= Joseph D'Amico =

American mobster

Joseph D'Amico (born 1955 in Little Italy, Manhattan), also known as "Joey The Mook", is an American mobster who was an inducted member in the Bonanno crime family before he turned government informant. D'Amico was a long-time street soldier who worked under his cousin, Richard Cantarella. He later served as his acting captain.

==Biography==
D'Amico was born and raised in the Knickerbocker Village public housing tenement building where his uncle Albert Embarrato, Anthony Mirra, cousin Richard Cantarella and fellow mobster Benjamin "Lefty Guns" Ruggiero resided. He was also a cousin of Paul Cantarella and Frank Cantarella. He was a close friend of New York Post Superintendent of Deliveries, Robert Perrino and Anthony Mirra. In the 1970s, he met undercover FBI agent Joseph Pistone, but did not suffer the vicious aftermath as his cousin Mirra did. D'Amico is not to be confused with Gambino crime family former boss Jackie D'Amico, to whom he is not related.

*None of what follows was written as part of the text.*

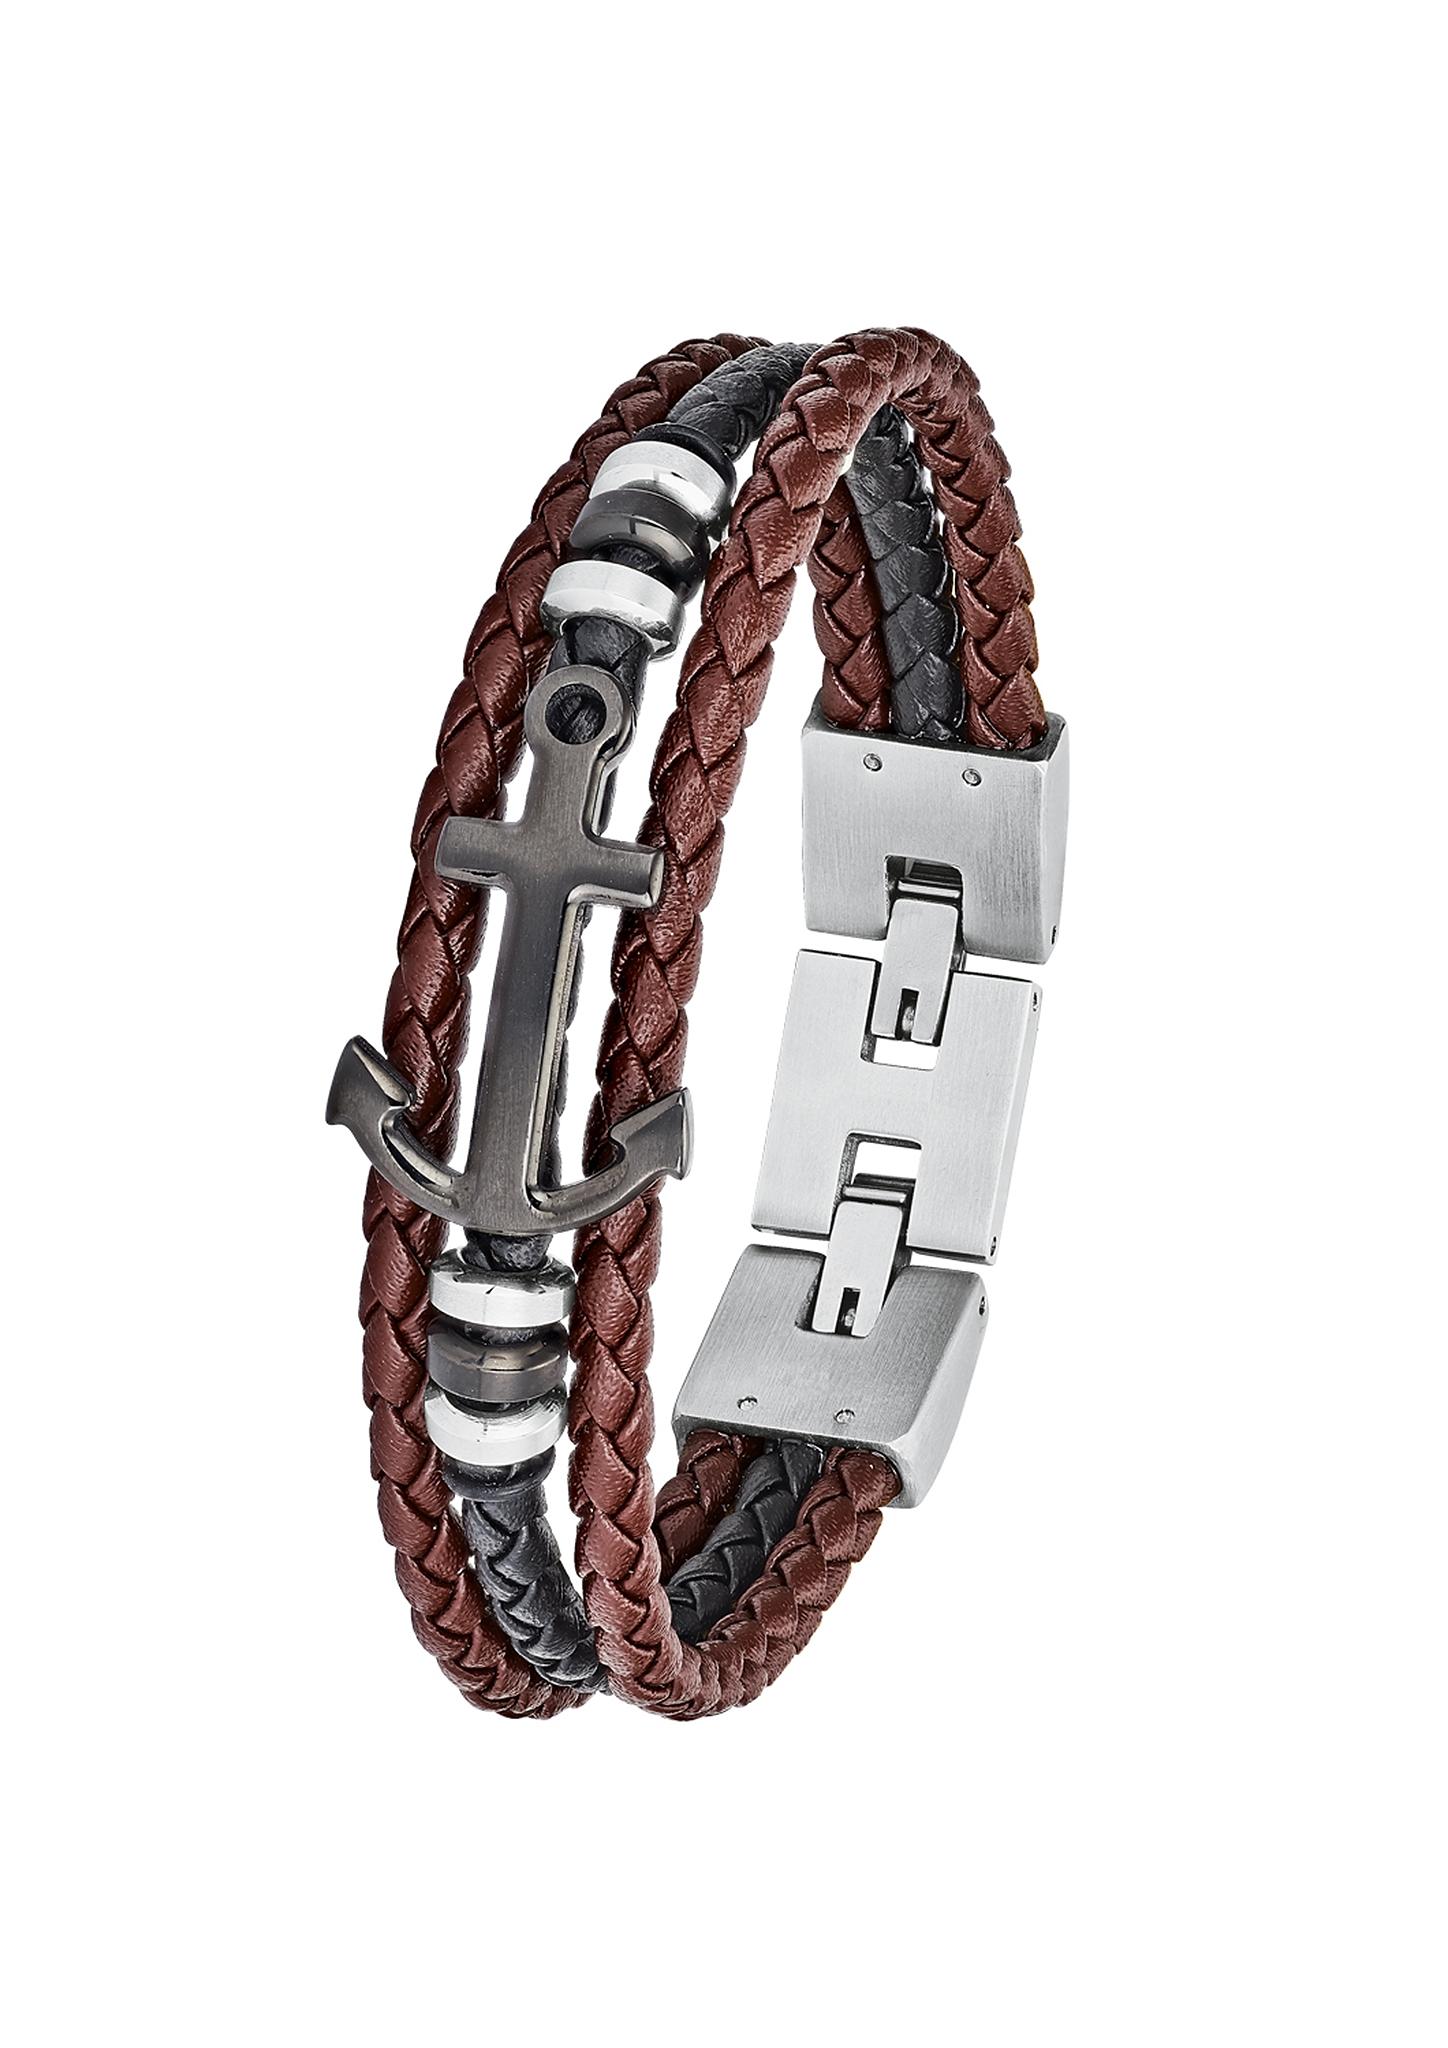 Armband | Schmuck > Armbänder | Brown | silver | Edelstahl| ip black | s.Oliver

=== Murder of Anthony Mirra===
In mid-1981, when Pistone was revealed as an FBI agent, "Sonny Black" Napolitano, "Lefty" Ruggiero, and Mirra were all on the firing line for initially allowing the infiltration. Mirra went into hiding. Joseph Massino ordered Mirra's two cousins D'Amico and Richard Cantarella, and their uncle Alfred Embarrato, to kill him. On February 18, 1982, D'Amico lured Mirra to a parking garage in Lower Manhattan. Embarrato and Cantarella were waiting in a getaway car. The pair went to the parking garage, climbed into Mirra's car, and drove up to a locked security gate. D'Amico later described in a testimony, "He took out his key, put it in the box, but he didn’t get a chance to turn the box... I shot him at close range several times on the side of his head."

=== Acting Capo and government witness ===

With Sal Vitale's demotion to Captain, Richard Cantarella became acting underboss in 2002. He appointed D'Amico as his acting captain. It is unknown if he held this position at the time of his conviction and ultimate cooperation.